T/S Section: 6.8 Pg. 6-14 T/S 6.8.lp specifies the required fuel assembly surveillance program implementation.
This item is CONSISTENT
- 4. SER Section: 5.2.5, Reactor Coolant Pressure Boundary Leakage Pg. 5-6 states:
High nuclear cooling water radiation and high surge tank level are alarmed in the control room. In the event that leakage is alarmed and confirmed in a flow path with no indicators, the staff will ensure that the PVNGS Technical Specifications include the requirement that a water inventory material balance be begun within one hour to determine the extent of the leakage.
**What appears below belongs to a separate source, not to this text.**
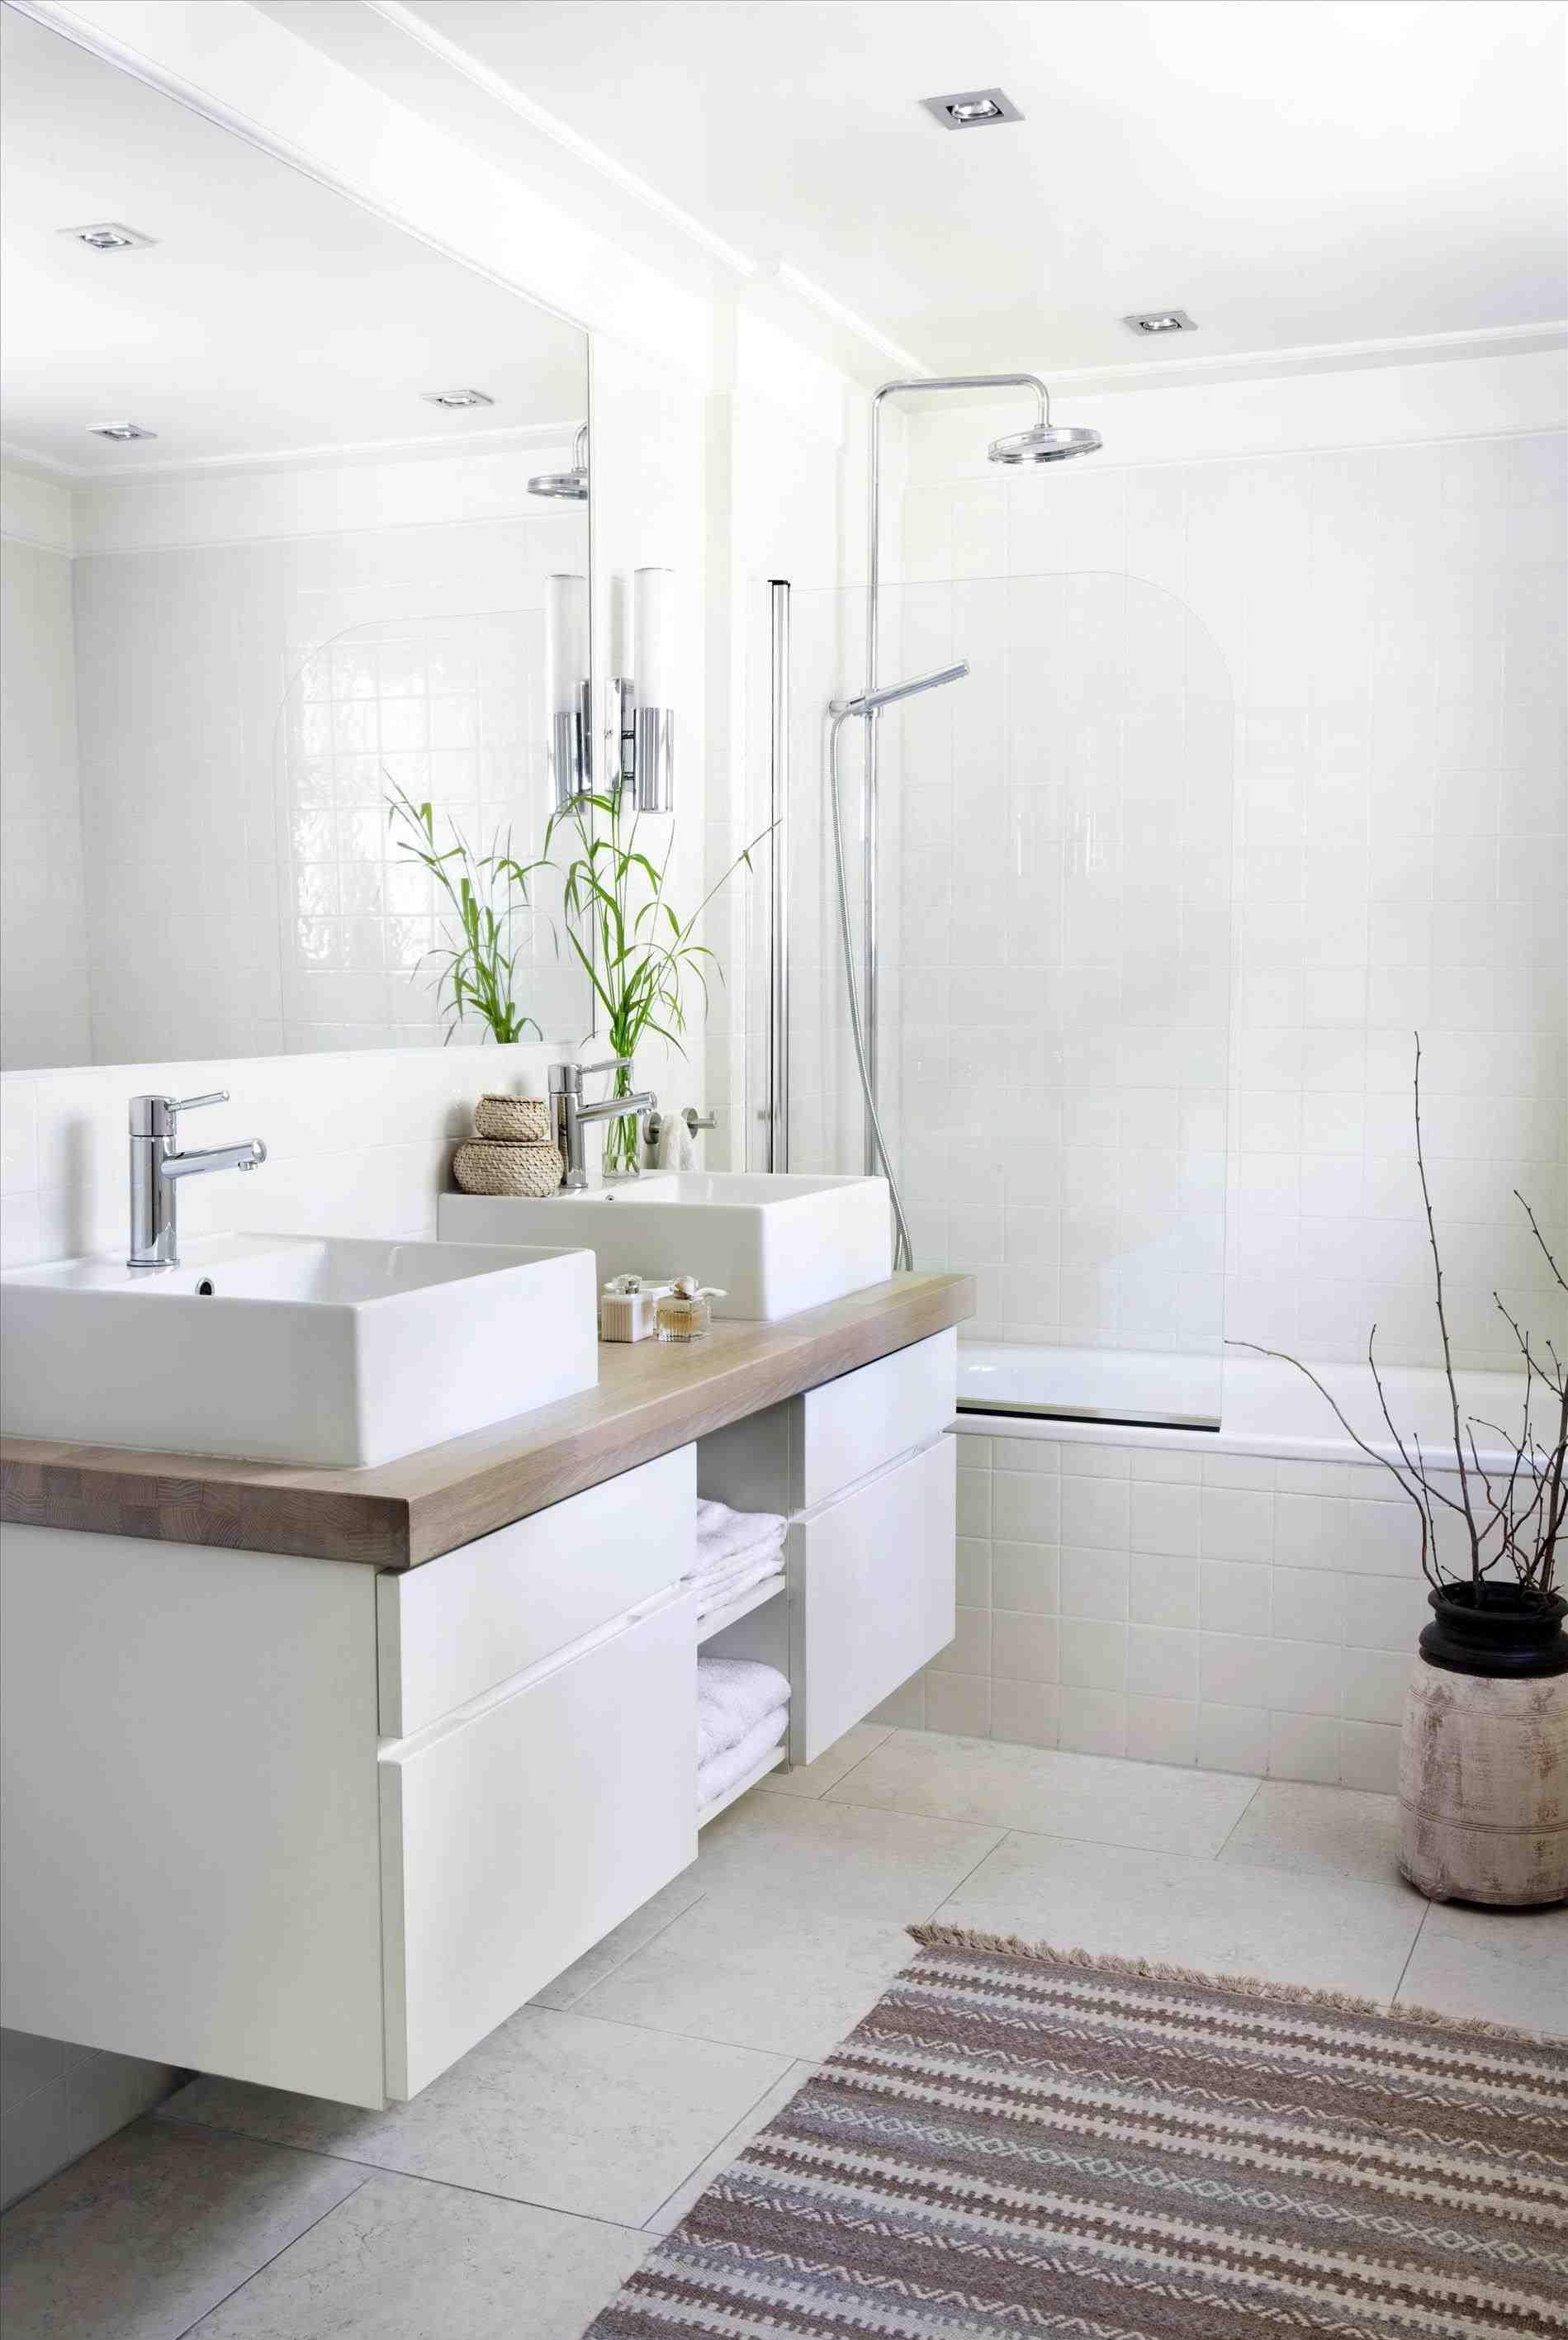 Маленькая ванная комната с двумя раковинами

T/S Section: 3/4.4.5 Pg. 3/4 4-19 T/S 3.4.5.2 action d. specifies an inventory balance be performed within one hour of an alarm receipt and confirmation.
This item is CONSISTENT
- 5. SER Section: 6.2.4, Containment Isolation System Pg. 5-6 states:
Furthermore, as a result of staff study of valve leakage due to seal deterioration, leakage integrity tests must be conducted periodically. This requirement, together with testing frequency, will be included in the plant technical specifications.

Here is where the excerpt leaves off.